Apoptosis, or programmed cell death: this is the orderly destruction of a cell from within, the systematic execution of a sequence of active measures that result in the quiet removal of a cell from active service. It is an active process that requires internal organisation and the activation of enzyme pathways. It involves a disruption of cytoskeleton by enzymatic disruption of actin, the dismantling of the nuclear envelope, the splicing a DNA, and the transfer of the phospholipid phosphatidyl serine to the outer leaflet of the cell membrane, which targets the cell for removal  by phagocytes. No cell components are released, it is tidy, and no immune response results.
The major players in the apoptotic process are a family of enzymes - proteases - called caspases. Most of these exist in an inactive precursor form and they are activated as a cascade often catalysing the activation of each other. Of this, more below.
Apoptotic cell death plays a central role in development in shaping organ systems, and it is an essential mechanism to get rid of cells which have been damaged and which pose a potential threat of malignant growth. Disorders of the apoptotic pathway cause disease as indicated above - in 50% of human cancers, genes involved in the apoptotic pathway are suppressed, whiel premature or inappropriate activation of cell death pathways by subacute injury is implicated in the neurodegenerative disorders.

Necrosis is a passive process. It results from energy depletion, the dissipation of ionic gradients, cell swelling, disruption and permeabilisation of the plasma membrane and loss of intracellular contents, resulting in an inflammatory response.
Mitochondria: we all know of mitochondria as the seat of oxidative phosphorylation. However,  mitochondria may play a central determining role in pathways to cell death.

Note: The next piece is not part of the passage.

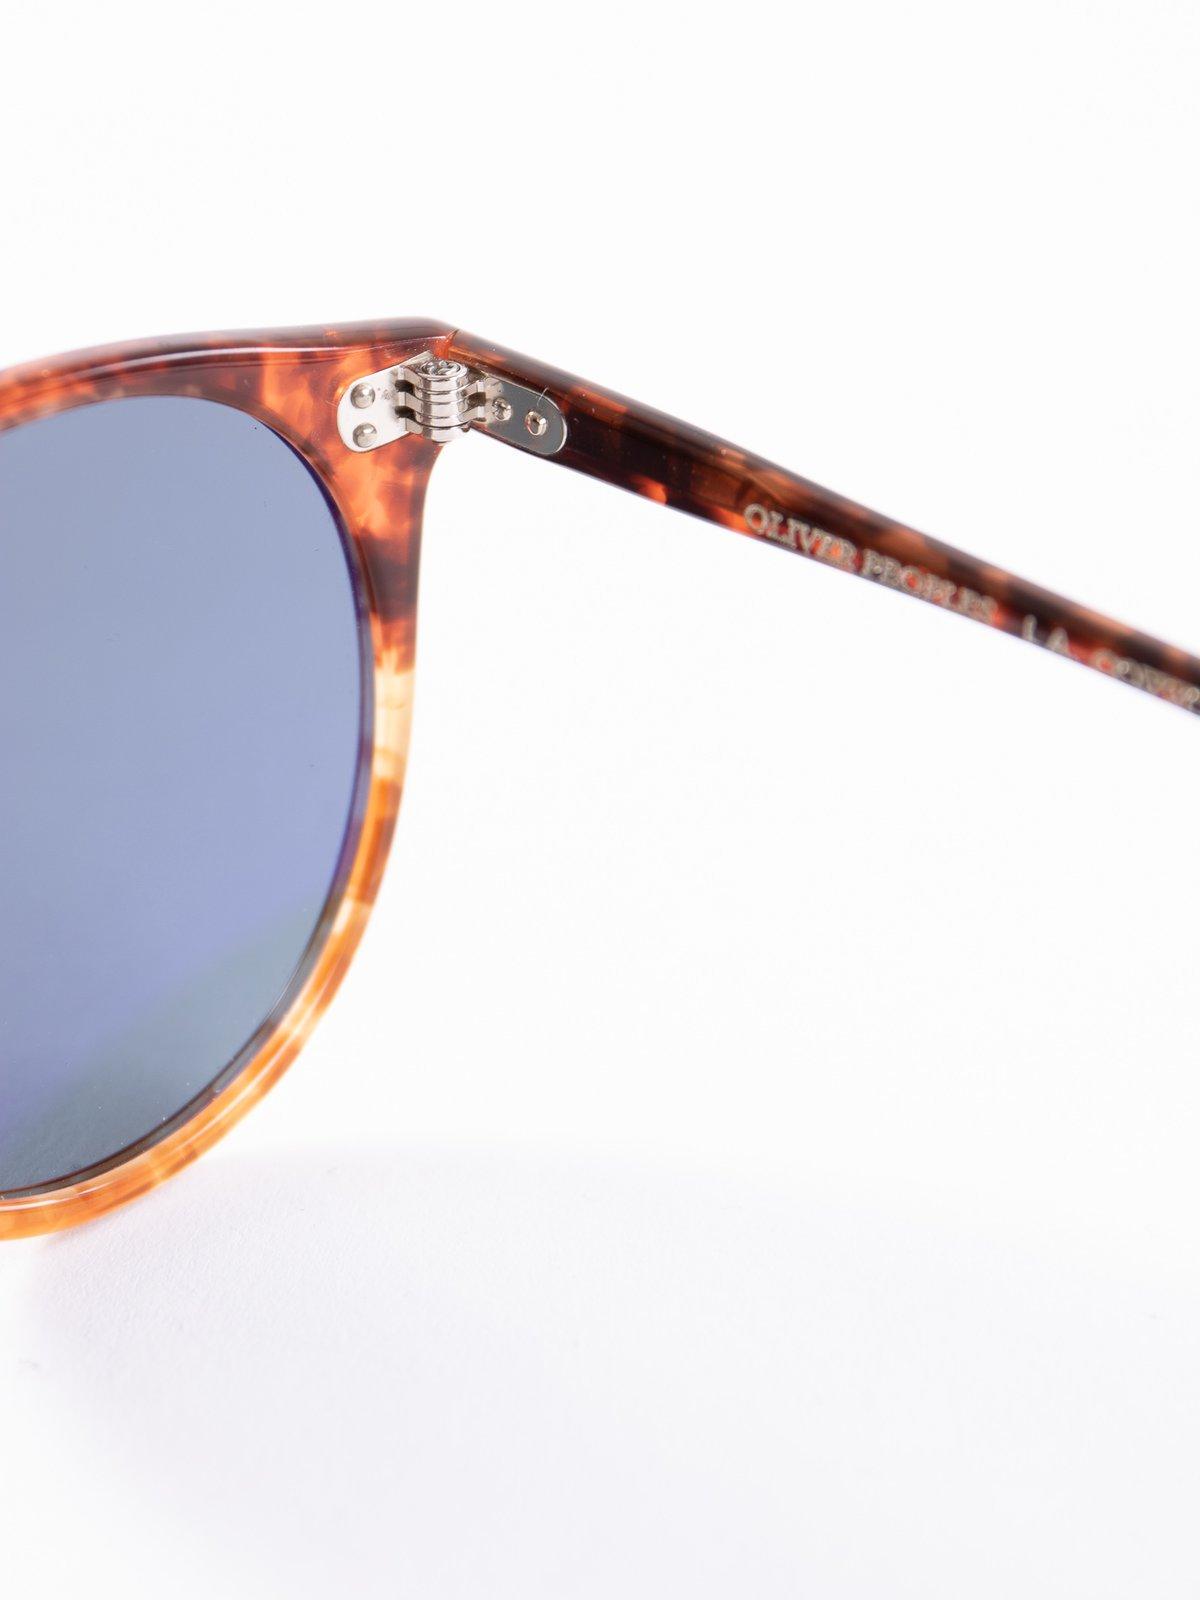 Vintage 1282/Blue Photochromic O'Malley Sunglasses - Image 4

To remind you of basic mechanisms: the delivery of substrates to the citric acid cycle provies NADH and FADH2 to the mitochondrial respiratory chain. This consists of a series of 4 enzyme complexes which transfer electrons from one to the next, eventually reducing molecular oxygen to generate water. In the process, protons are transferred from the matrix across the inner mitchondrial membrane into theintermembrane space by each complex. This proton gradient is expressed largely as  a transmembrane poential, often referred to as Dym ,which is about -150mV to the cytosol. This  proton gradient provides the force that drives proton influx into the mitochondria, through the enzyme called the F1F0 ATP synthase. This consists of a proton channel and an ATPase and proton influx drives the motor that phosphorlyates ADP to generate ATP (you can see images of the motor working on a web site at  //www.bmb.leeds.ac.uk/illingworth/oxphos/atpase.htm.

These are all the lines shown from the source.